Assistência Social — Terça-feira, 13 Janeiro 2009 — 4 Comentários
Inauguração da Habitação Social Mãos Unidas P. Damião em São João de Areias – Vila da Esperança
Numa parceria que envolveu a Câmara Municipal de Santa Comba Dão, o Centro Social e Paroquial de São João de Areias e a Associação Mãos Unidas P. Damião, foi inaugurada no passado domingo, dia 11 de Janeiro, em São João de Areias, a Habitação Social Mãos Unidas P. Damião.
Foi a concretização de mais um sonho do pároco desta freguesia, Pe. José António Almeida, desta feita com a recuperação de um património que estava degradado e, ao mesmo tempo, com a criação de uma área social, dando resposta, por exemplo, a vítimas da violência doméstica, a casais desempregados, a alguém que ficou sem casa, a pessoas ligadas à droga ou à prostituição, acolhendo-as temporariamente até conseguirem uma alternativa mais eficaz.

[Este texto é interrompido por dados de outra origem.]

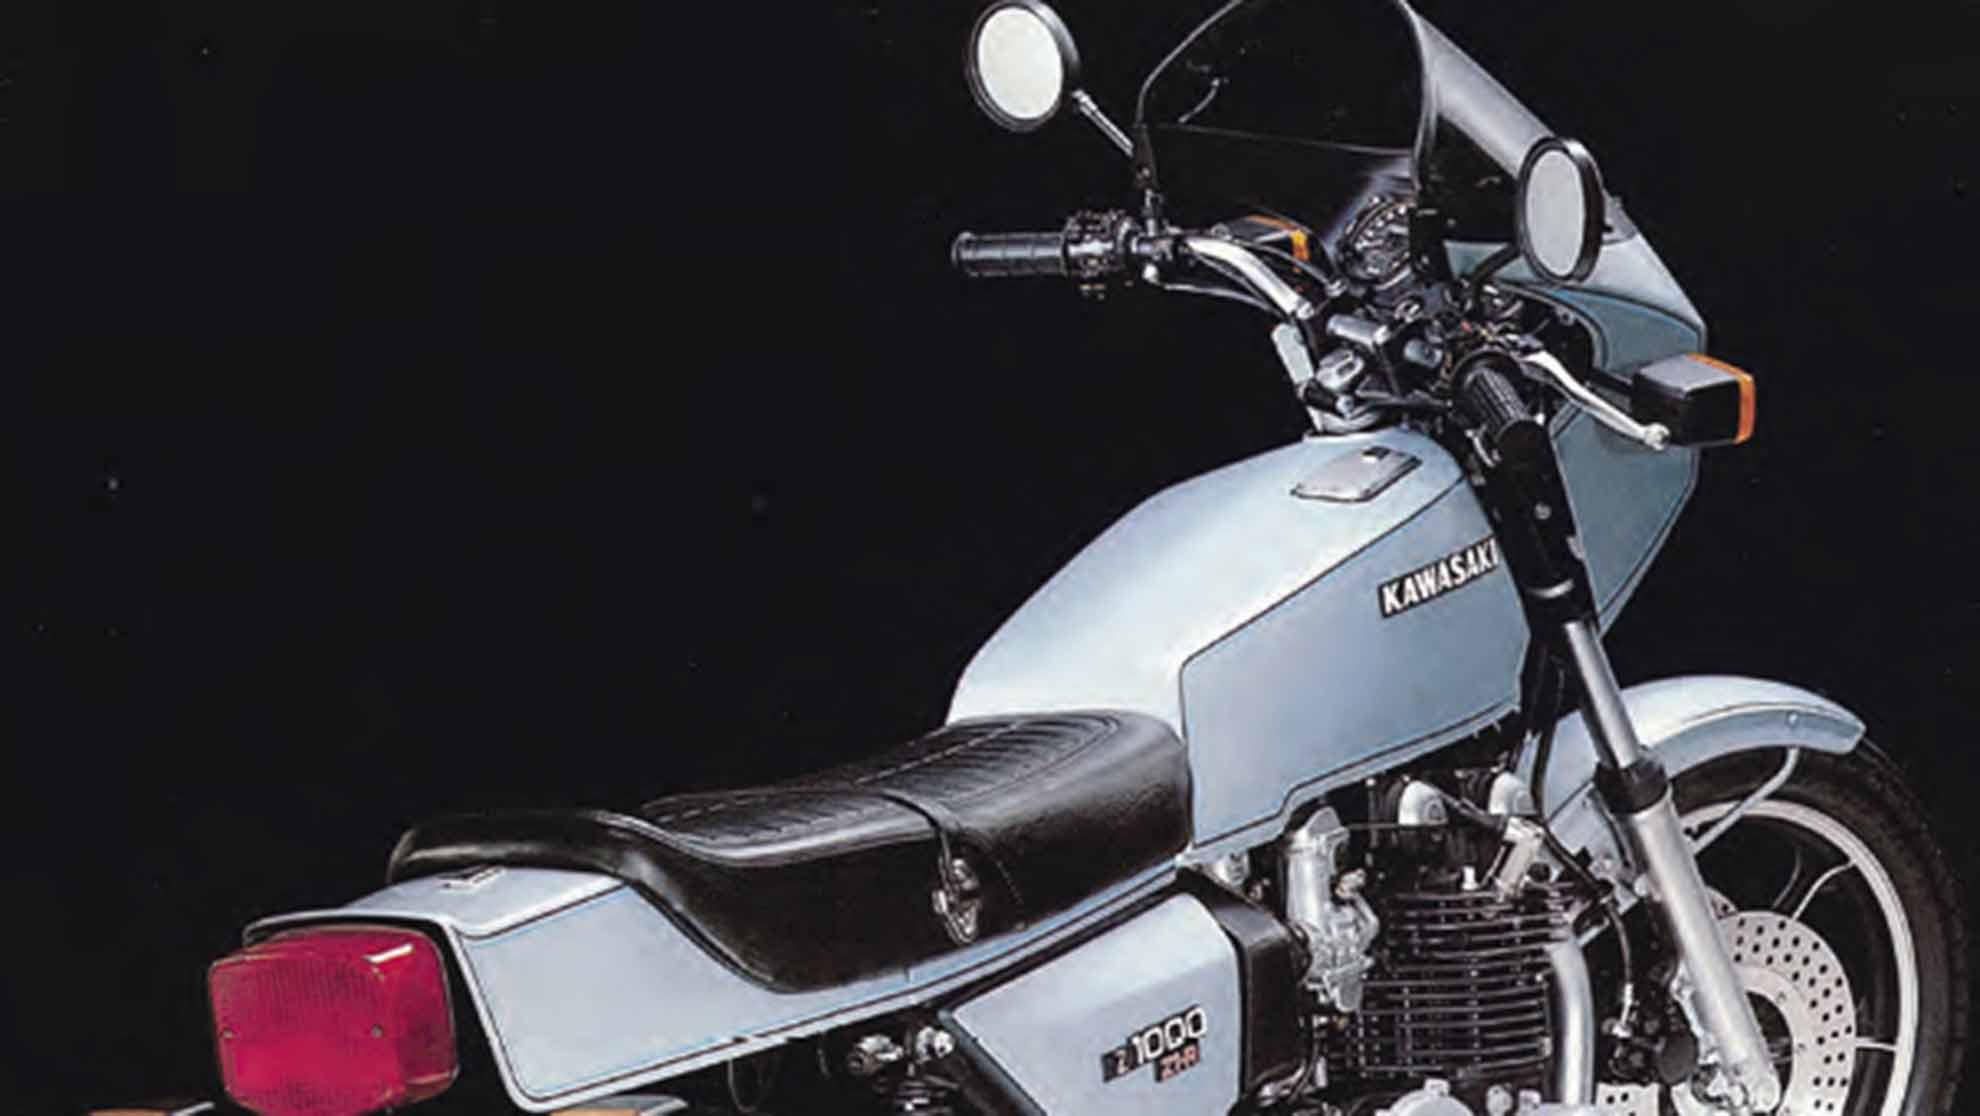 1978-k3-gross-ZEITLEISTEN_BANNER-40Jahre-Zelt-

O programa da inauguração foi iniciado às 12h00 com a celebração eucarística, na qual marcaram presença as diversas individualidades convidadas, das quais se destacavam Leonel Gouveia, representante do Governador Civil, João Lourenço, presidente da Câmara Municipal de Santa Comba Dão, António Correia, vice-presidente da mesma, Mário Nogueira, fundador e director da Associação Portuguesa Mãos Unidas P. Damião, António Antunes, presidente da Junta de Freguesia de São João de Areias, e José Ferraz, presidente da Assembleia de Freguesia. Esta celebração contou com especial
participação do grupo Lúmen Gentium, da Igreja de Santos-o-Velho, de Lisboa, que animou os cânticos da missa e participou, com dança de tradição africana, no ofertório eucarístico.
Depois, em cortejo abrilhantado pela Banda Filarmónica da própria vila, individualidades e populares percorreram a pé o trajecto até ao espaço que ia ser benzido e inaugurado. Nessa cerimónia, Pe. José António procedeu ao ritual da bênção, seguindo-se a inauguração do edifício com o descerramento, por parte da presidente da Câmara e do director da Associação Mãos Unidas, da respectiva placa. No momento, foi também descerrada, por parte de Amadeu Coelho, membro da Direcção do Centro Social e Paroquial, uma outra placa do espaço do mesmo edifício destinado ao Cartório Paroquial.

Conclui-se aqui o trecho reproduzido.